Modularity is a metric that measures the strength of division of a network into communities. This metric quantifies the density of links within communities as compared to links between communities. A Modularity value greater than 0.3 indicates that the network has a strong community structure. Machine Learning Designer provides the Modularity component, which can calculate the Modularity value of a graph.
Configure the component
Method 1: Use the Platform for AI (PAI) console
To configure the component in the PAI console, log on to the PAI console, go to the Visualized Modeling (Designer) page, and then open a pipeline. On the pipeline page, drag the Modularity component to the canvas and configure the parameters in the right-side pane. The following table describes the parameters.
Category | Parameter | Description |
Fields Setting | Source Vertex Column | The column that contains the start vertices in the edge list. |
Initial Vertex Label Column | The group to which the start vertices in the edge list belong. | |
Target Vertex Column | The column that contains the end vertices in the edge list. | |
Target Vertex Label Column | The group to which the end vertices in the edge list belong. | |
Tuning | Number of Workers | The number of workers that are run at the same time. A higher value results in higher communication overhead. |
Worker Memory (MB) | The maximum amount of memory that can be used by a worker. Unit: MB. Default value: 4096. If the actual memory usage exceeds this value, the |
Method 2: Use PAI commands
To configure the Modularity component by using PAI commands, run the commands in the SQL Script component. For more information, see Scenario 4: Execute PAI commands within the SQL script component.
PAI -name Modularity
-project algo_public
-DinputEdgeTableName=Modularity_func_test_edge
-DfromVertexCol=flow_out_id
-DfromGroupCol=group_out_id
-DtoVertexCol=flow_in_id
-DtoGroupCol=group_in_id
-DoutputTableName=Modularity_func_test_result;
Parameter | Required | Default value | Description |
inputEdgeTableName | Yes | N/A | The name of the input edge list. |
inputEdgeTablePartitions | No | Full list | The partitions in the input edge list. |
fromVertexCol | Yes | N/A | The column that contains the start vertices in the edge list. |
fromGroupCol | Yes | N/A | The group to which the start vertices in the edge list belong. |
toVertexCol | Yes | N/A | The column that contains the end vertices in the edge list. |
toGroupCol | Yes | N/A | The group to which the end vertices in the edge list belong. |
outputTableName | Yes | N/A | The name of the output table. |
outputTablePartitions | No | N/A | The partitions in the output table. |
lifecycle | No | N/A | The lifecycle of the output table. |
workerNum | No | None | The number of workers that are run at the same time.
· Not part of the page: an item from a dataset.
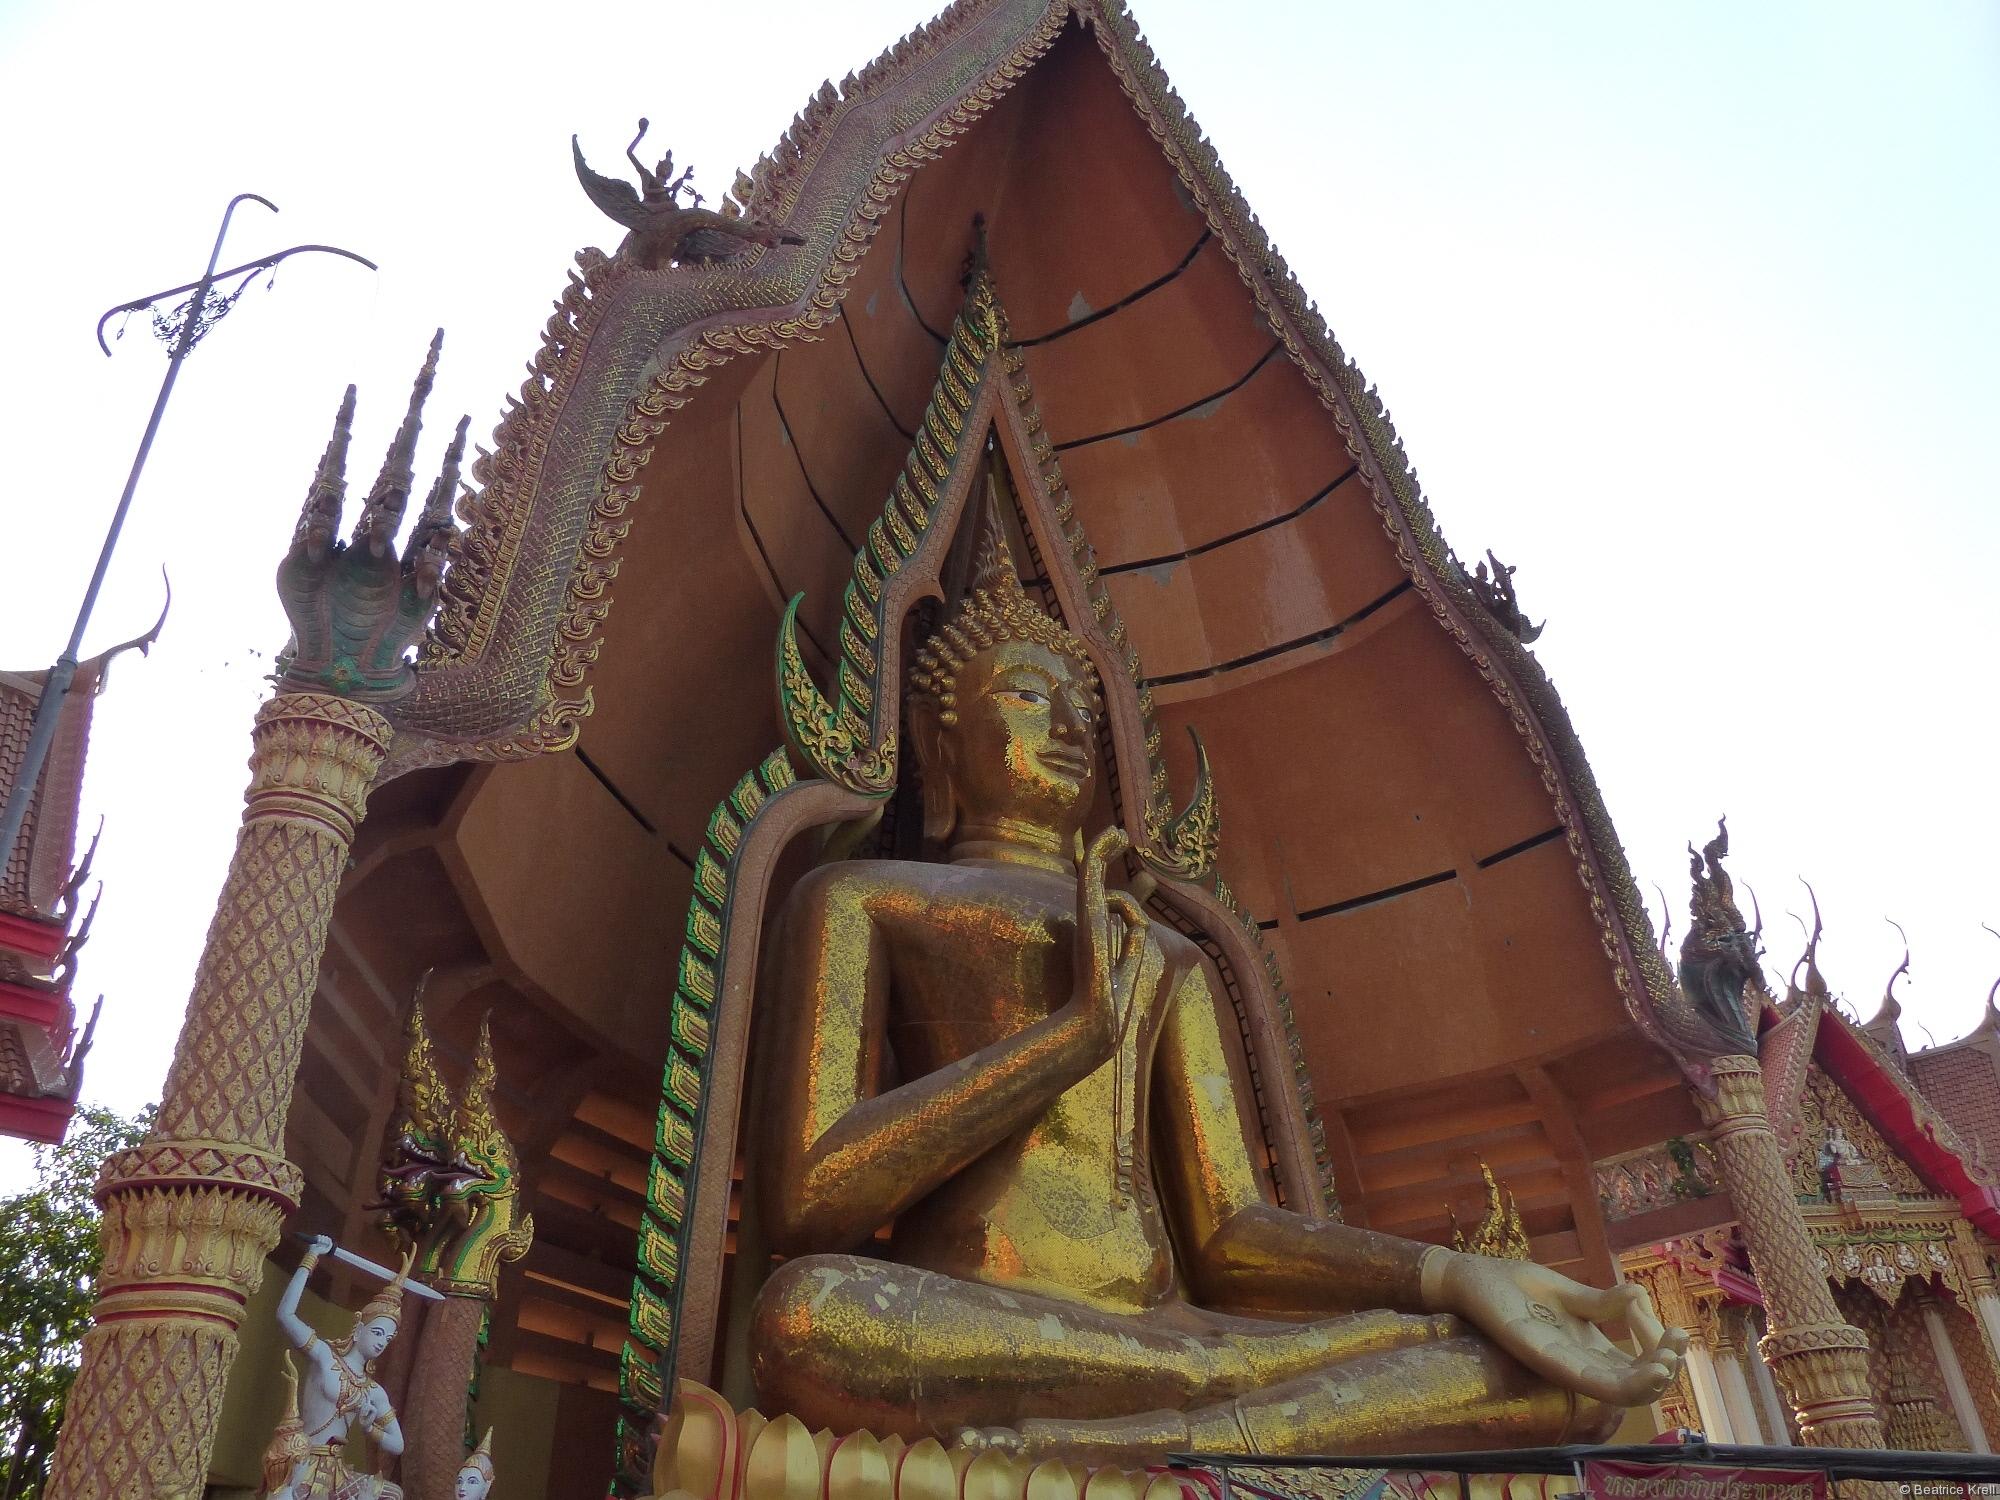 Buddhastatue in Wat Tham Seua

A higher value results in higher communication overhead. |
workerMem | No | 4096 | The maximum amount of memory that can be used by a worker. Unit: MB. Default value: 4096. If the actual memory usage exceeds this value, the |
splitSize | No | 64 | The size of the split input data. Unit: MB. |
Example
Clear the Use Script Mode and Whether the system adds a create table statement check boxes in the right-side pane when you perform the following steps.
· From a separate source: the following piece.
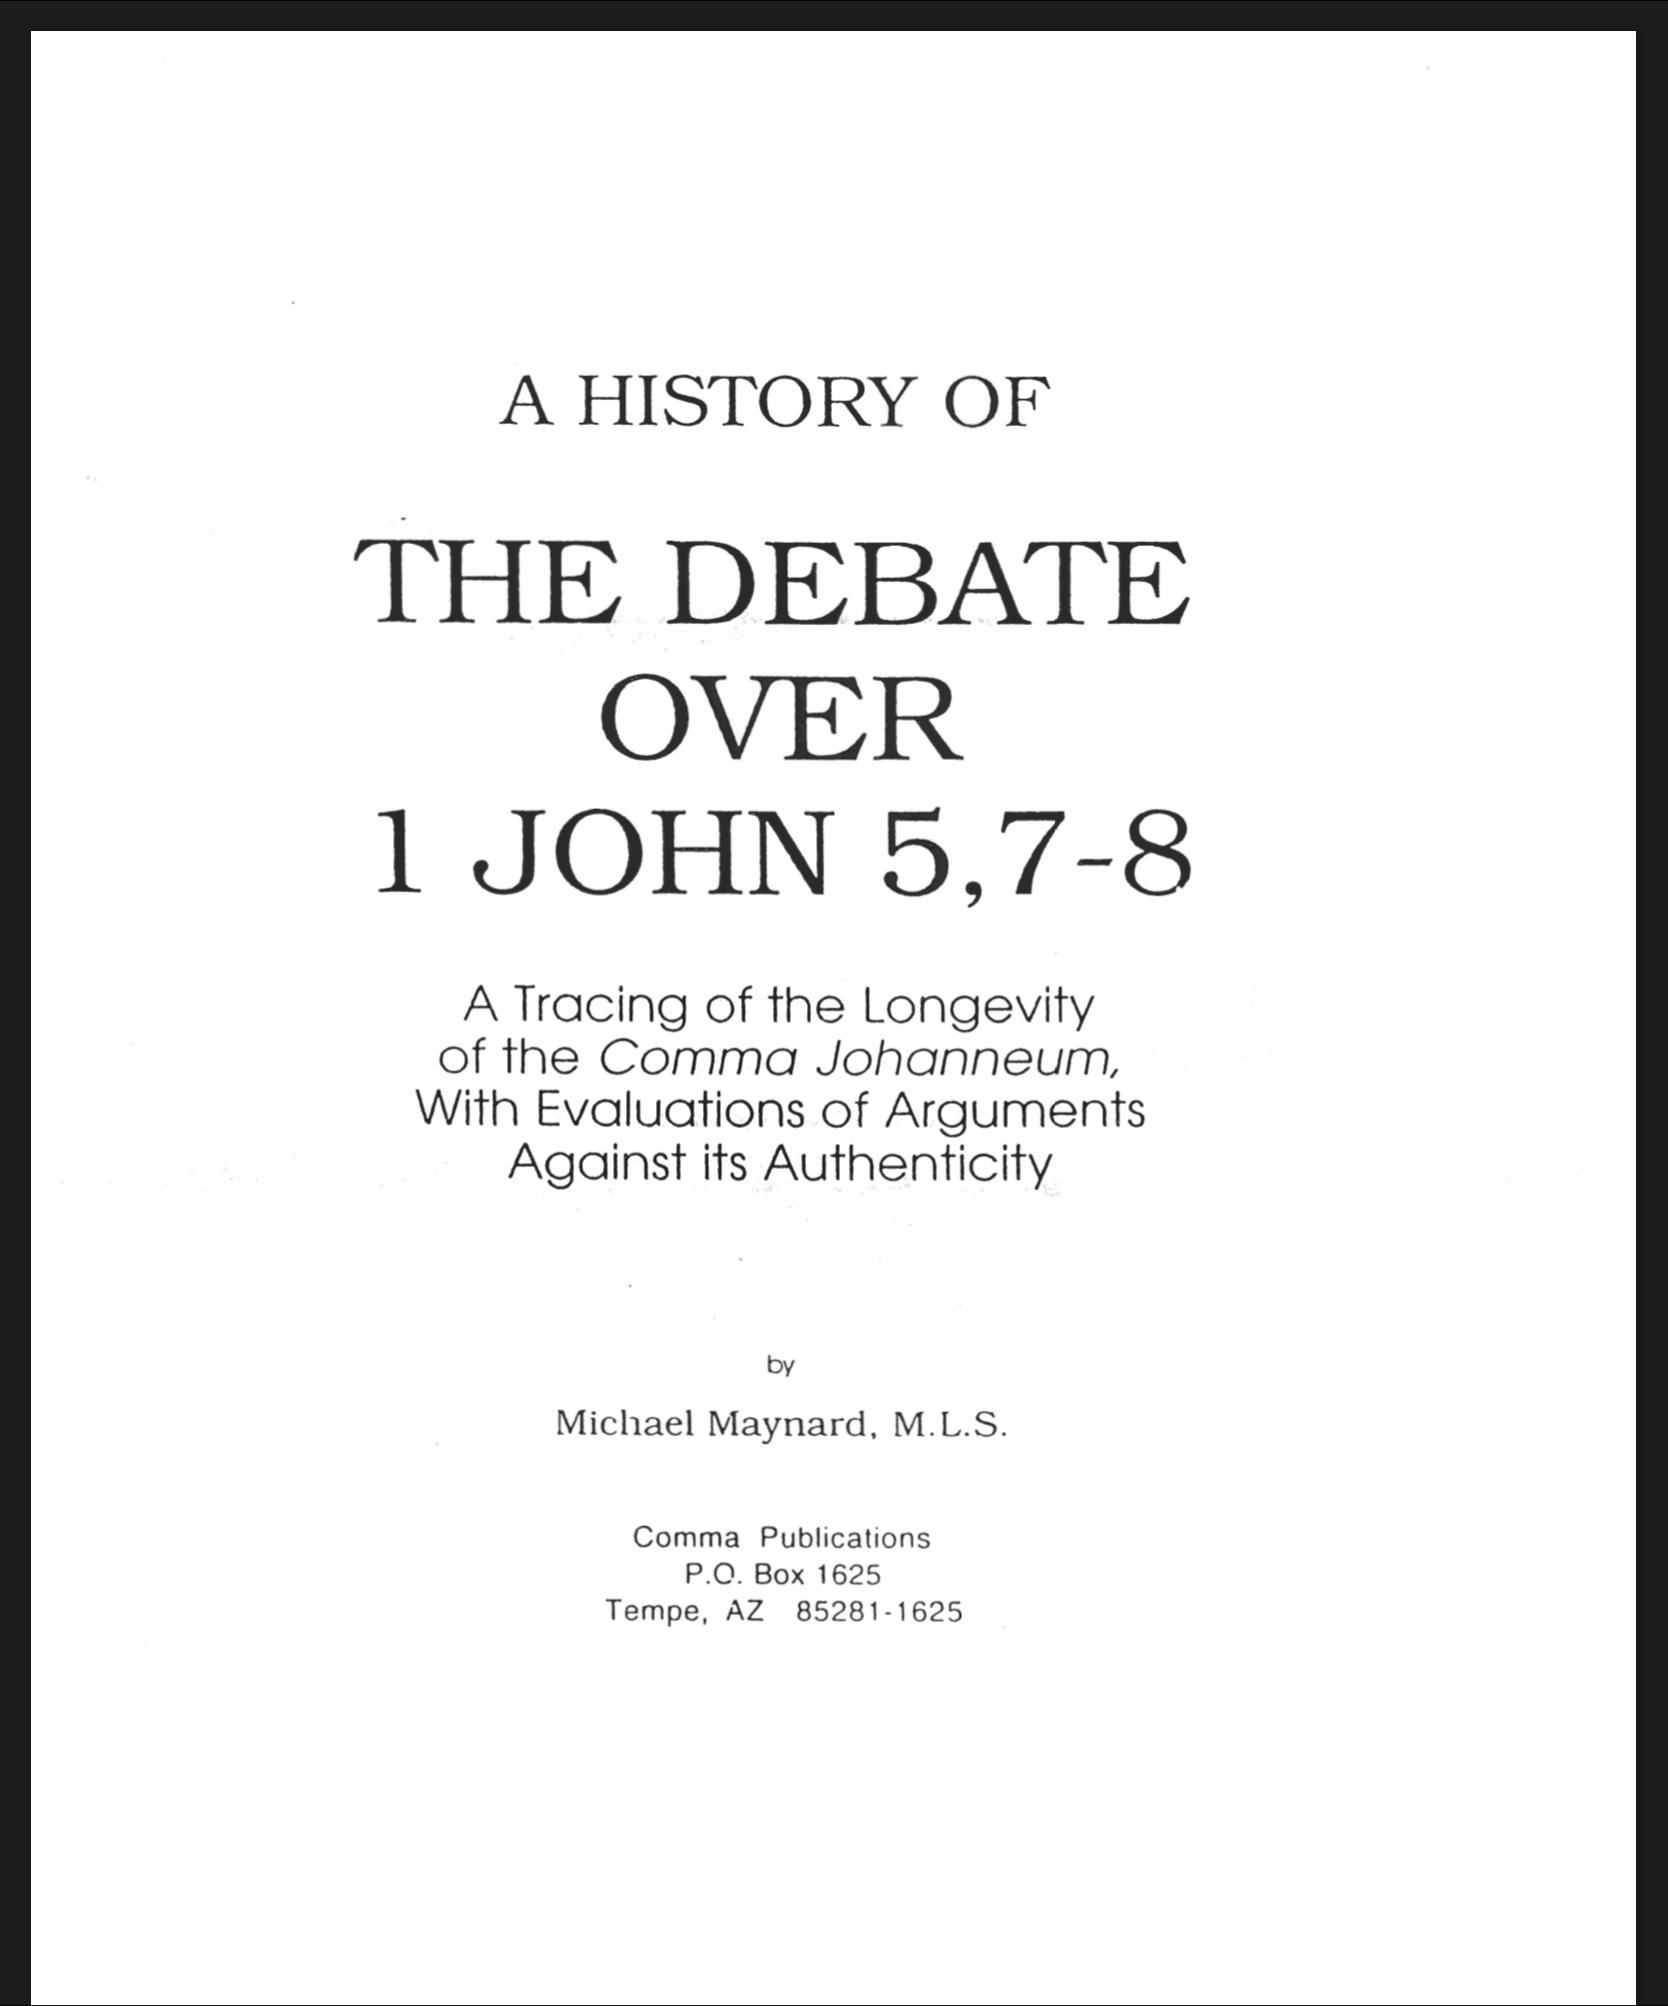 History Over the Debate of 1 John 5:7,8

Add the SQL Script component and paste the following SQL statements to the editor in the right-side pane to generate training data:
drop table if exists Modularity_func_test_edge; create table Modularity_func_test_edge as select * from ( select '1' as flow_out_id,'3' as group_out_id,'2' as flow_in_id,'3' as group_in_id union all select '1' as flow_out_id,'3' as group_out_id,'3' as flow_in_id,'3' as group_in_id union all select '1' as flow_out_id,'3' as group_out_id,'4' as flow_in_id,'3' as group_in_id union all select '2' as flow_out_id,'3' as group_out_id,'3' as flow_in_id,'3' as group_in_id union all select '2' as flow_out_id,'3' as group_out_id,'4' as flow_in_id,'3' as group_in_id union all select '3' as flow_out_id,'3' as group_out_id,'4' as flow_in_id,'3' as group_in_id union all select '4' as flow_out_id,'3' as group_out_id,'6' as flow_in_id,'7' as group_in_id union all select '5' as flow_out_id,'7' as group_out_id,'6' as flow_in_id,'7' as group_in_id union all select '5' as flow_out_id,'7' as group_out_id,'7' as flow_in_id,'7' as group_in_id union all select '5' as flow_out_id,'7' as group_out_id,'8' as flow_in_id,'7' as group_in_id union all select '6' as flow_out_id,'7' as group_out_id,'7' as flow_in_id,'7' as group_in_id union all select '6' as flow_out_id,'7' as group_out_id,'8' as flow_in_id,'7' as group_in_id union all select '7' as flow_out_id,'7' as group_out_id,'8' as flow_in_id,'7' as group_in_id )tmp ;
Corresponding graph data structure:
Add another SQL Script component and paste the following commands to the editor in the right-side pane to start training. Then, connect the two components you added.
drop table if exists ${o1}; PAI -name Modularity -project algo_public -DinputEdgeTableName=Modularity_func_test_edge -DfromVertexCol=flow_out_id -DfromGroupCol=group_out_id -DtoVertexCol=flow_in_id -DtoGroupCol=group_in_id -DoutputTableName=${o1};
Run the pipeline. After the pipeline execution is complete, right-click the SQL Script component that you added in the previous step and choose View Data > SQL Script Output in the shortcut menu to view the training results.
| val | | ------------------- | | 0.42307692766189575 |